- What is being asked
This task calls for the lines below starting at the one containing "William Maddux - Lime" and ending at the one containing "artística. Oferece teoria, conteúdo", repeated exactly with both ends kept and pictures left out.

- Provided entries
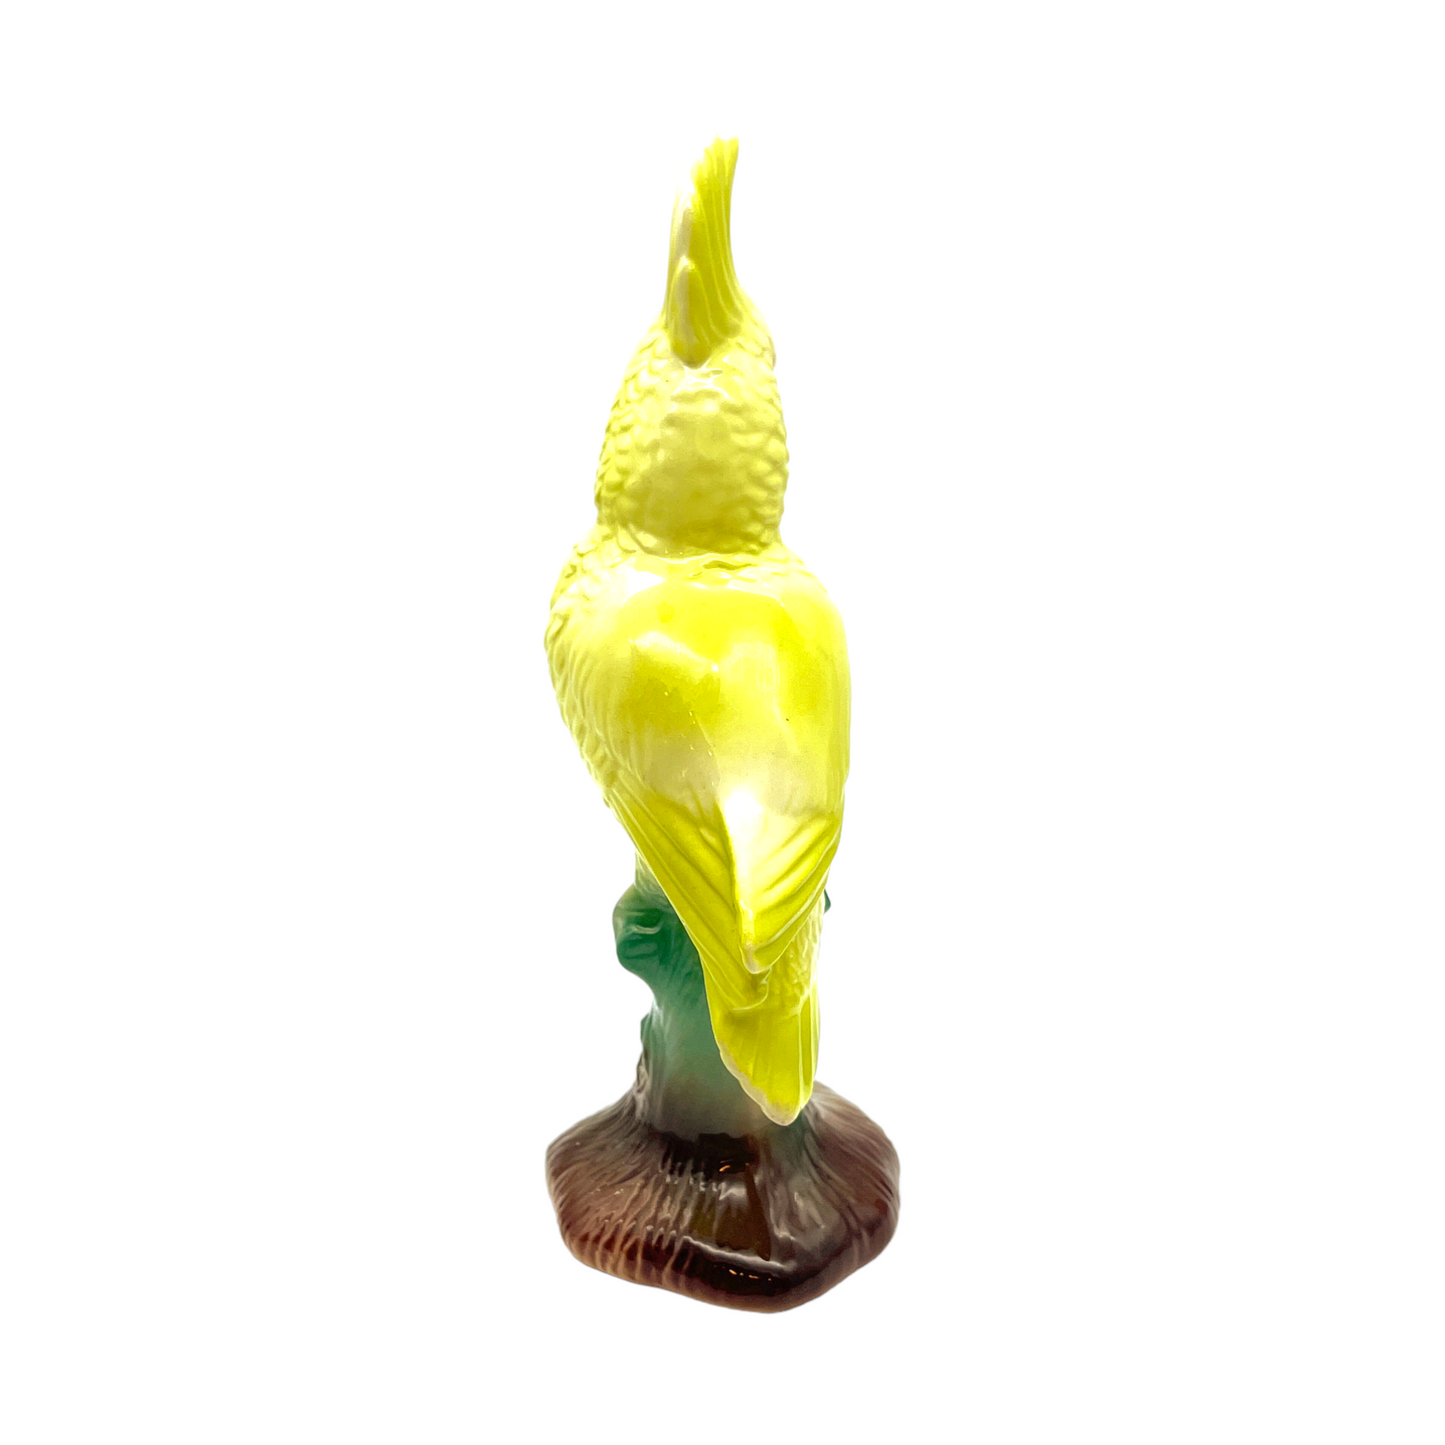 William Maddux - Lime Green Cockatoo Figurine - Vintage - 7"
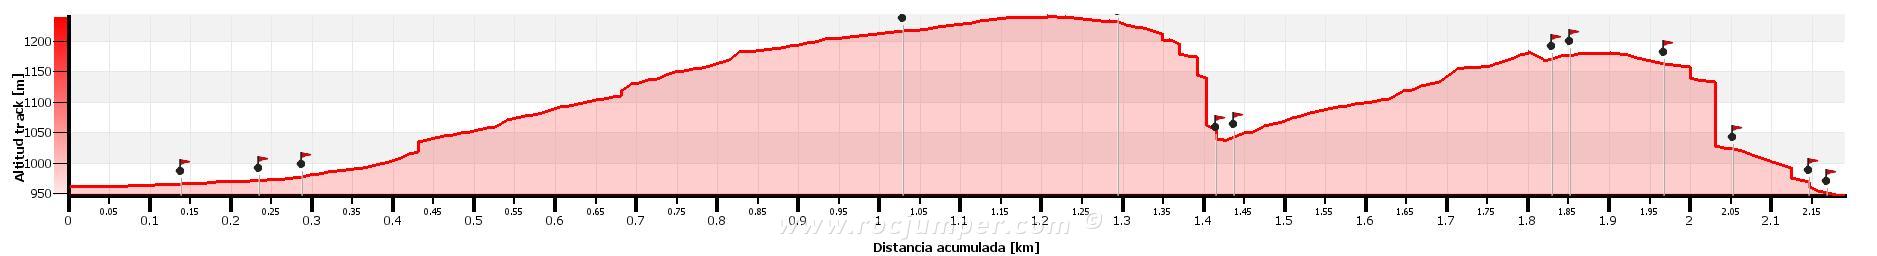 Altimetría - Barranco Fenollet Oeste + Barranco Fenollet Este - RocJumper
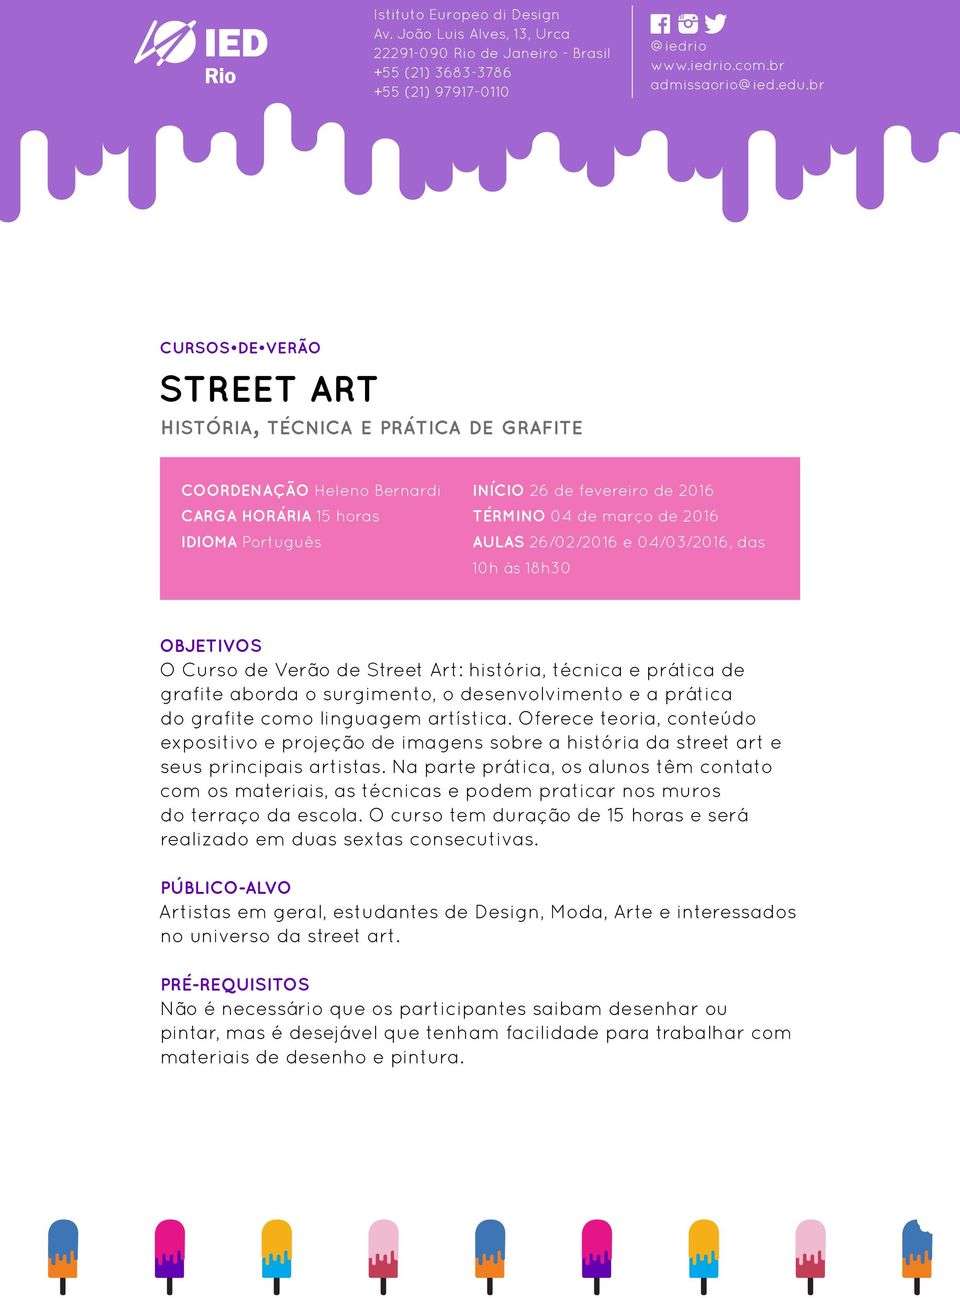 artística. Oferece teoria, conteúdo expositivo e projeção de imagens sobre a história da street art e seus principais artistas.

...

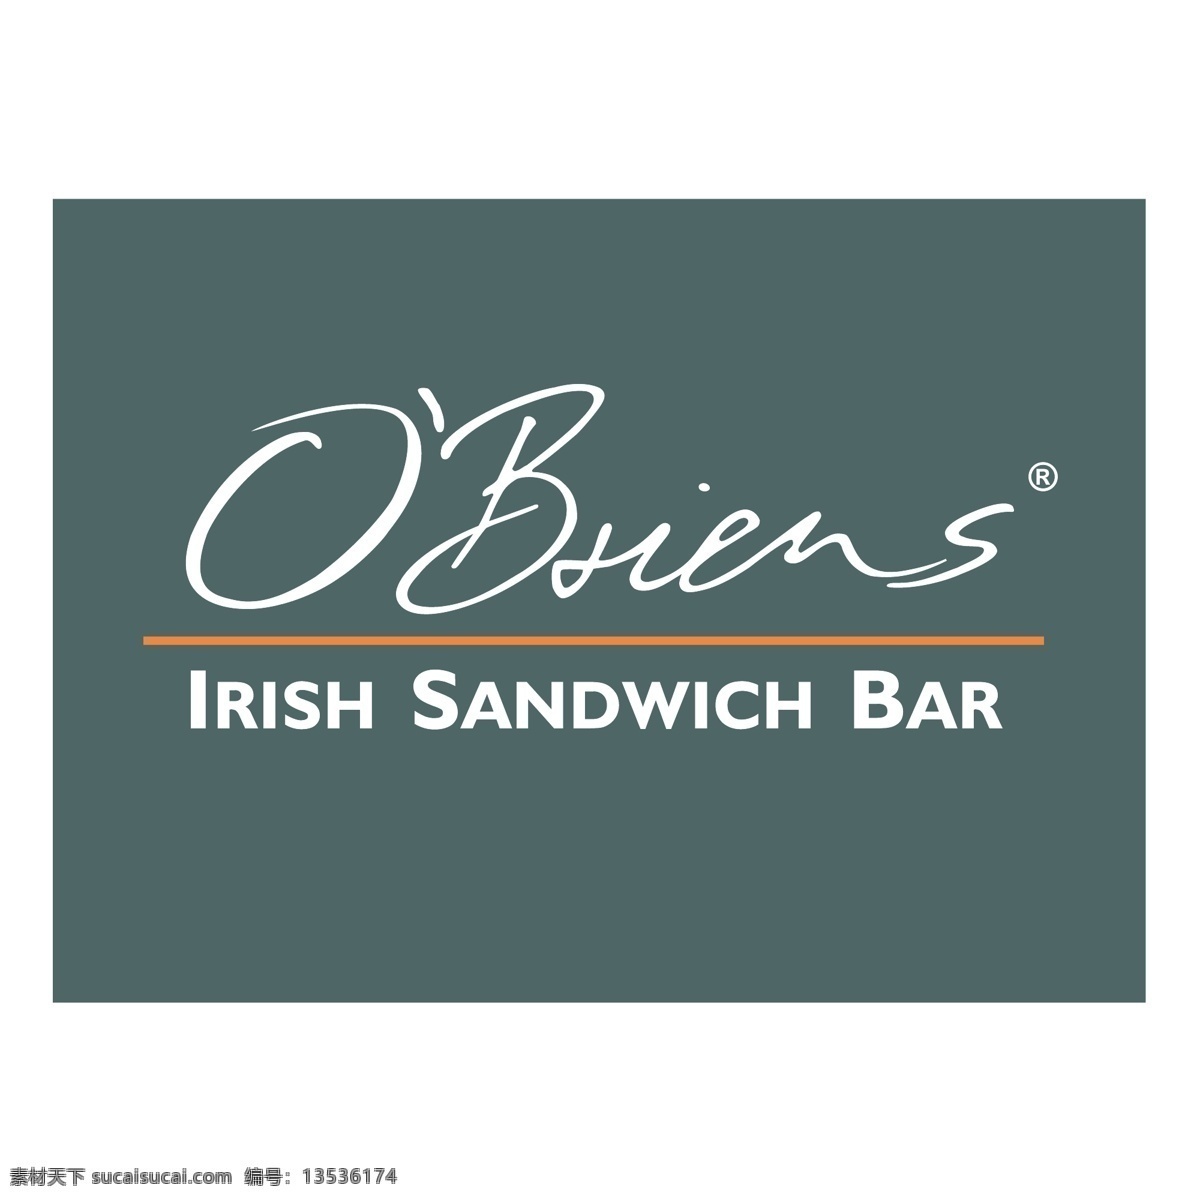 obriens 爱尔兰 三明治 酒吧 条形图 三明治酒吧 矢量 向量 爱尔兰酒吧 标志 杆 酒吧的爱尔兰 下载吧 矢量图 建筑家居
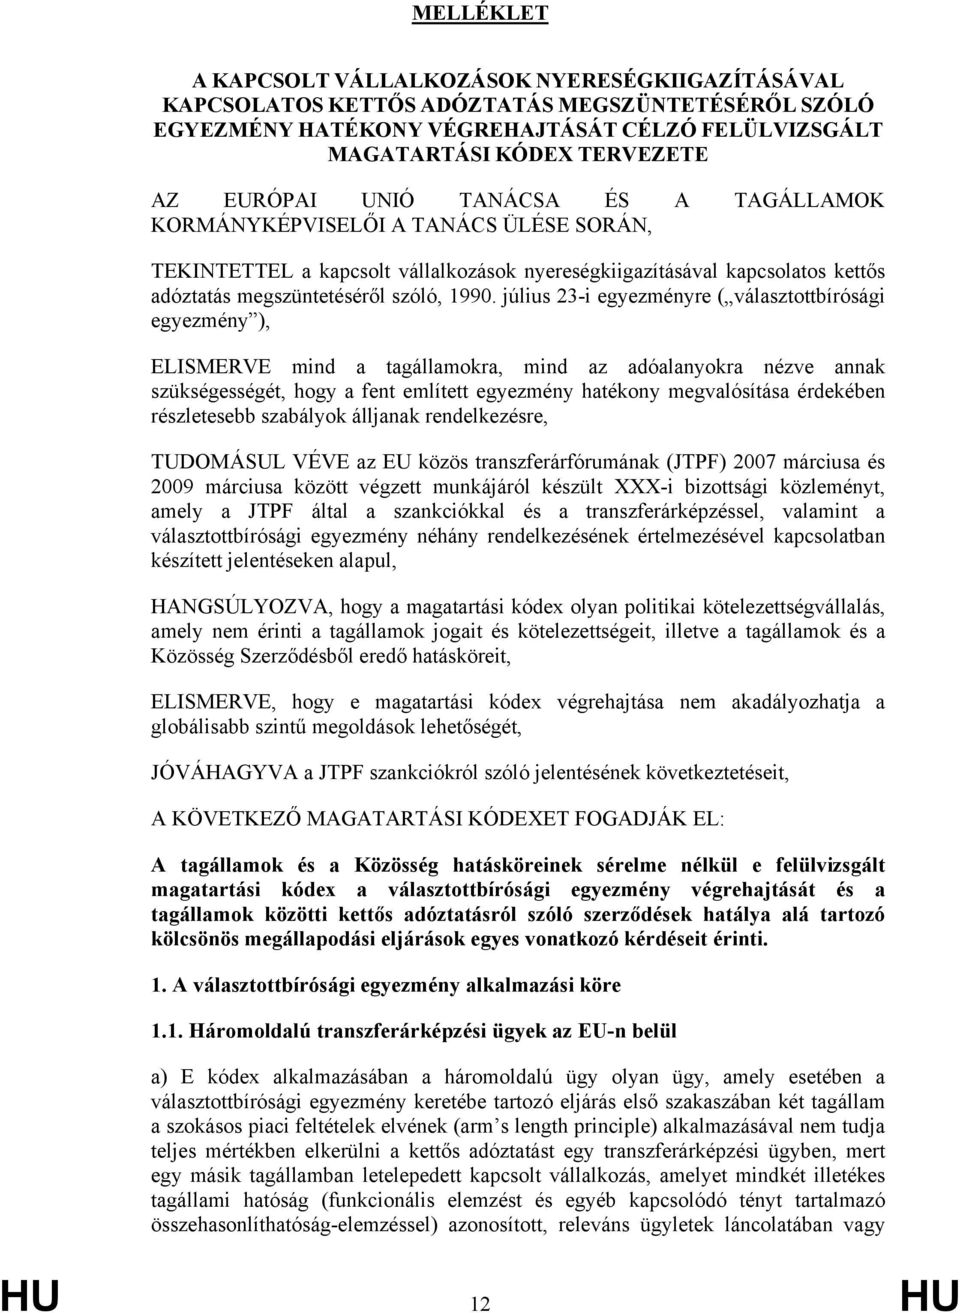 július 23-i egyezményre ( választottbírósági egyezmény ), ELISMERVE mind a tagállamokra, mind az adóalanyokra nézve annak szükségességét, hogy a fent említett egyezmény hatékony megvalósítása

- Expected output
 William Maddux - Lime Green Cockatoo Figurine - Vintage - 7"
 Altimetría - Barranco Fenollet Oeste + Barranco Fenollet Este - RocJumper
 artística. Oferece teoria, conteúdo expositivo e projeção de imagens sobre a história da street art e seus principais artistas.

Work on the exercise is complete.